Search code examples

Difference between Gene Expression Programming and Cartesian Genetic Programming

Something pretty annoying in evolutionary computing is that mildly different and overlapping concepts tend to pick dramatically different names. My latest confusion because of this is that gene-expression-programming seems very similar to cartesian-genetic-programming.

  1. (how) Are these fundamentally different concepts?
  2. I've read that indirect encoding of GP instructions is an effective technique ( both GEP and CGP do that ). Has there been reached some sort of consensus that indirect encoding has outdated classic tree bases GP?

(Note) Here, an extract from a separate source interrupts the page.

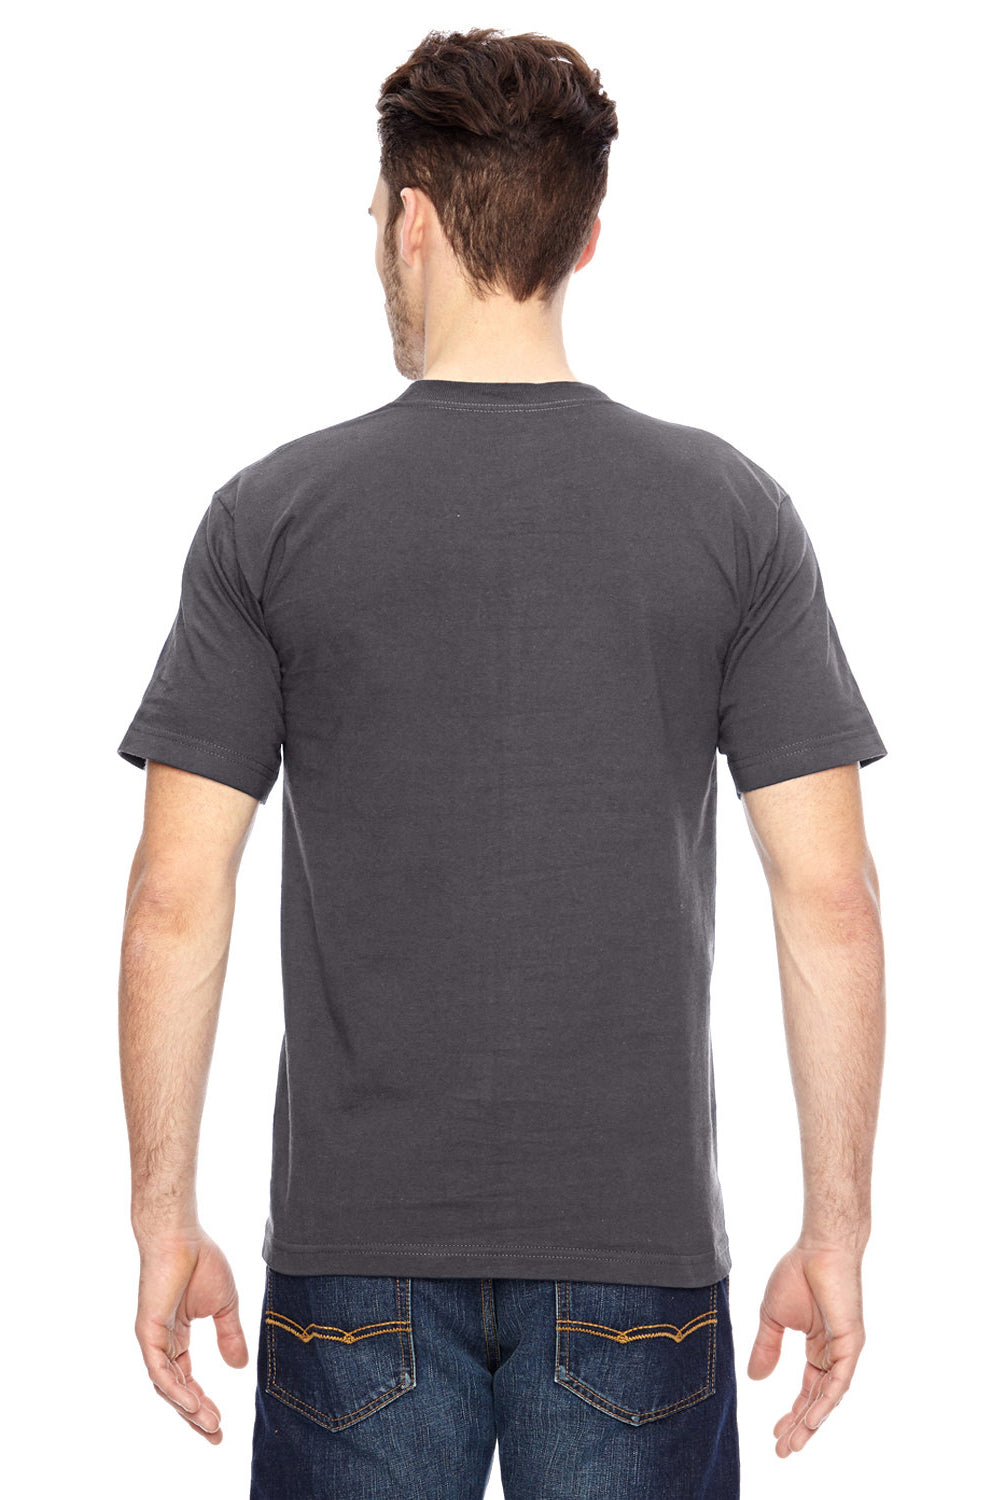 Bayside BA7100 Mens USA Made Short Sleeve Crewneck T-Shirt w/ Pocket Charcoal Grey Model Back

  • Well, it seems that there is some difference between gene expression programming (GEP) and cartesian genetic programming (CGP or what I view as classic genetic programming), but the difference might be more hyped up than it really ought to be. Please note that I have never used GEP, so all of my comments are based on my experience with CGP.

    In CGP there is no distinction between genotype and a phenotype, in other words- if you're looking at the "genes" of a CGP you're also looking at their expression. There is no encoding here, i.e. the expression tree is the gene itself.

    In GEP the genotype is expressed into a phenotype, so if you're looking at the genes you will not readily know what the expression is going to look like. The "inventor" of GP, Cândida Ferreira, has written a really good paper and there are some other resources which try to give a shorter overview of the whole concept.

    Ferriera says that the benefits are "obvious," but I really don't see anything that would necessarily make GEP better than CGP. Apparently GEP is multigenic, which means that multiple genes are involved in the expression of a trait (i.e. an expression tree). In any case, the fitness is calculated on the expressed tree, so it doesn't seem like GEP is doing anything to increase the fitness. What the author claims is that GEP increases the speed at which the fitness is reached (i.e. in fewer generations), but frankly speaking you can see dramatic performance shifts from a CGP just by having a different selection algorithm, a different tournament structure, splitting the population into tribes, migrating specimens between tribes, including diversity into the fitness, etc.


    • random
    • roulette wheel
    • top-n
    • take half
    • etc.

    Tournament Frequency:

    • once per epoch
    • once per every data instance
    • once per generation.

    Tournament Structure:

    • Take 3, kill 1 and replace it with the child of the other two.
    • Sort all individuals in the tournament by fitness, kill the lower half and replace it with the offspring of the upper half (where lower is worse fitness and upper is better fitness).
    • Randomly pick individuals from the tournament to mate and kill the excess individuals.

    A population can be split into tribes that evolve independently of each-other:

    • Migration- periodically, individual(s) from a tribe would be moved to another tribe
    • The tribes are logically separated so that they're like their own separate populations running in separate environments.

    Diversity Fitness
    Incorporate diversity into the fitness, where you count how many individuals have the same fitness value (thus are likely to have the same phenotype) and you penalize their fitness by a proportionate value: the more individuals with the same fitness value, the more penalty for those individuals. This way specimens with unique phenotypes will be encouraged, therefore there will be much less stagnation of the population.

    Those are just some of the things that can greatly affect the performance of a CGP, and when I say greatly I mean that it's in the same order or greater than Ferriera's performance. So if Ferriera didn't tinker with those ideas too much, then she could have seen much slower performance of the CGPs... especially if she didn't do anything to combat stagnation. So I would be careful when reading performance statistics on GEP, because sometimes people fail to account for all of the "optimizations" available out there.